In an interview with EURACTIV France, Fatiha Hassouni, head of the gender equality unit of the intergovernmental organisation Union for the Mediterranean, spoke about statistics being a crucial tool for assessing sustainable development goals (SDGs), especially with regards to gender equality.
Fatiha Hassouni is the head of the gender equality unit of the Union for the Mediterranean (UMP). Since September 2014, she has been responsible for developing a regional gender equality programme. She spoke to EURACTIV France’s Cécile Barbière.
What role do statistics play in public policy making?
When developing public policy, the first step is to set targets. For example, with regard to employment policies, it will be decided that a measure should benefit two million long-term unemployed people between the ages of 30 and 50.
To achieve these targets, information collection systems (opinion surveys, professional information surveys, etc.) need to be in place to assess the actual impact of policies.
The problem is that official statistics are not collected in a systematic manner. Political and statistical experts should work together but, unfortunately, this is not the case.
What are the challenges in terms of statistics on the issue of gender equality?
It is more difficult to have statistics on women. For example, the agricultural sector employs many women in the South. However, they are part of the informal employment sector, which does not necessarily respect labour laws.
So there are many legal violations in this sector. But this finding is not based on sector-related studies. Everyone knows this reality but it is not supported by official statistics, which means that this issue is not taken into account in public policies in the agricultural sector.
Public policies assume that their effect will be the same on the entire population, that they are “neutral”. As a result, nothing is being done to take into account the needs of women as part of these same policies.
However, this is not true because the impact on women and men is never the same. This is why information collection and statistics are fundamental, as they allow policymakers to redirect their action in the event that it is discriminatory.
This applies to all categories of vulnerable people. Statistics are necessary to ensure that public policy is not discriminatory.
To achieve the Sustainable Development Goals, are there sufficient statistics?
The Sustainable Development Goals (SDGs) must be the international reference for all public policy. Our work at the regional level at the Union for the Mediterranean needs to contribute to this international commitment.
We are a regional body that brings together 43 countries, including the 28 EU member states.
In a ministerial declaration signed in Cairo in 2017, we defined four main objectives in terms of gender equality in the context of the SDGs: improving women’s economic participation through entrepreneurship and access to employment; strengthening access to decision-making positions in the political and economic field, combating all forms of violence against women, and finally eliminating gender stereotypes.
This ministerial meeting is a starting point that will provide an overview of the state of gender equality in the Mediterranean region and measure progress towards international targets.

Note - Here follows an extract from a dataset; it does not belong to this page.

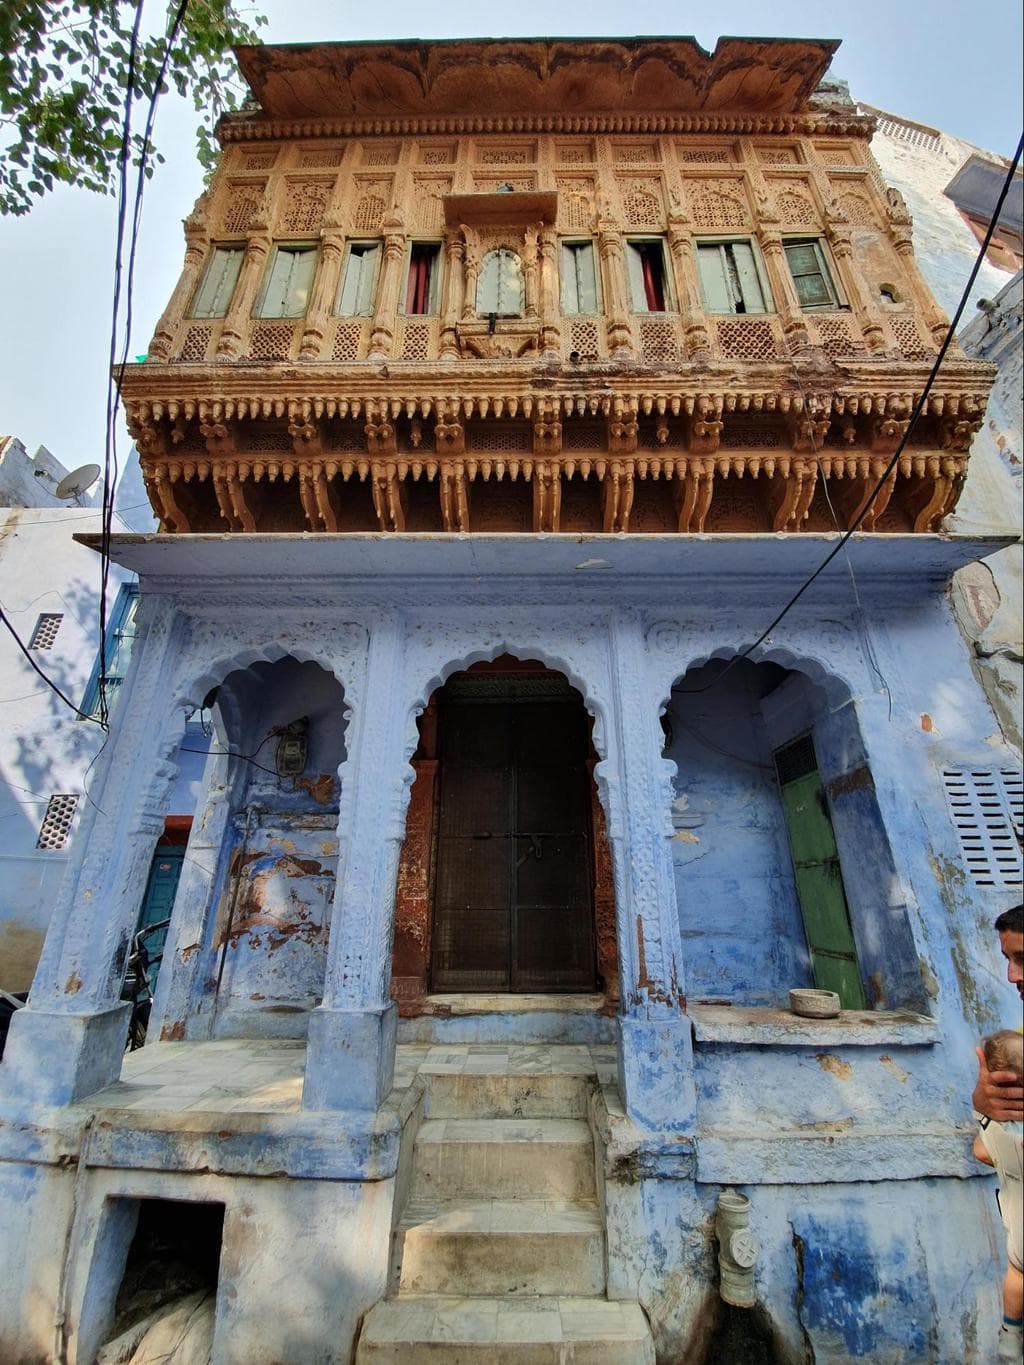 The Blue City of Jodhpur facade

What is the current state of play?
There is a lack of statistics coming from public entities. Collecting statistics is expensive, time-consuming and complex. This is a problem everywhere, even in Europe, where some countries are doing better than others.
To move forward on this issue, we propose to develop a monitoring mechanism with indicators to assess the commitments made under the SDGs.
We are currently looking at what the needs are and how we can fill the gaps, particularly with the MedStat programme, which is a cooperation programme funded by the EU to support southern and eastern countries in the collection of statistics. The programme supports countries in developing their own statistical tools, which is crucial for them to ensure they make progress on the SDGs.
Statistics is above all a political commitment! It is a necessary but costly investment and it is difficult to convince politicians to include it in the state’s budget. No politician is going to prioritise statistics!
And in addition to the budget issue, collecting statistical information also takes time.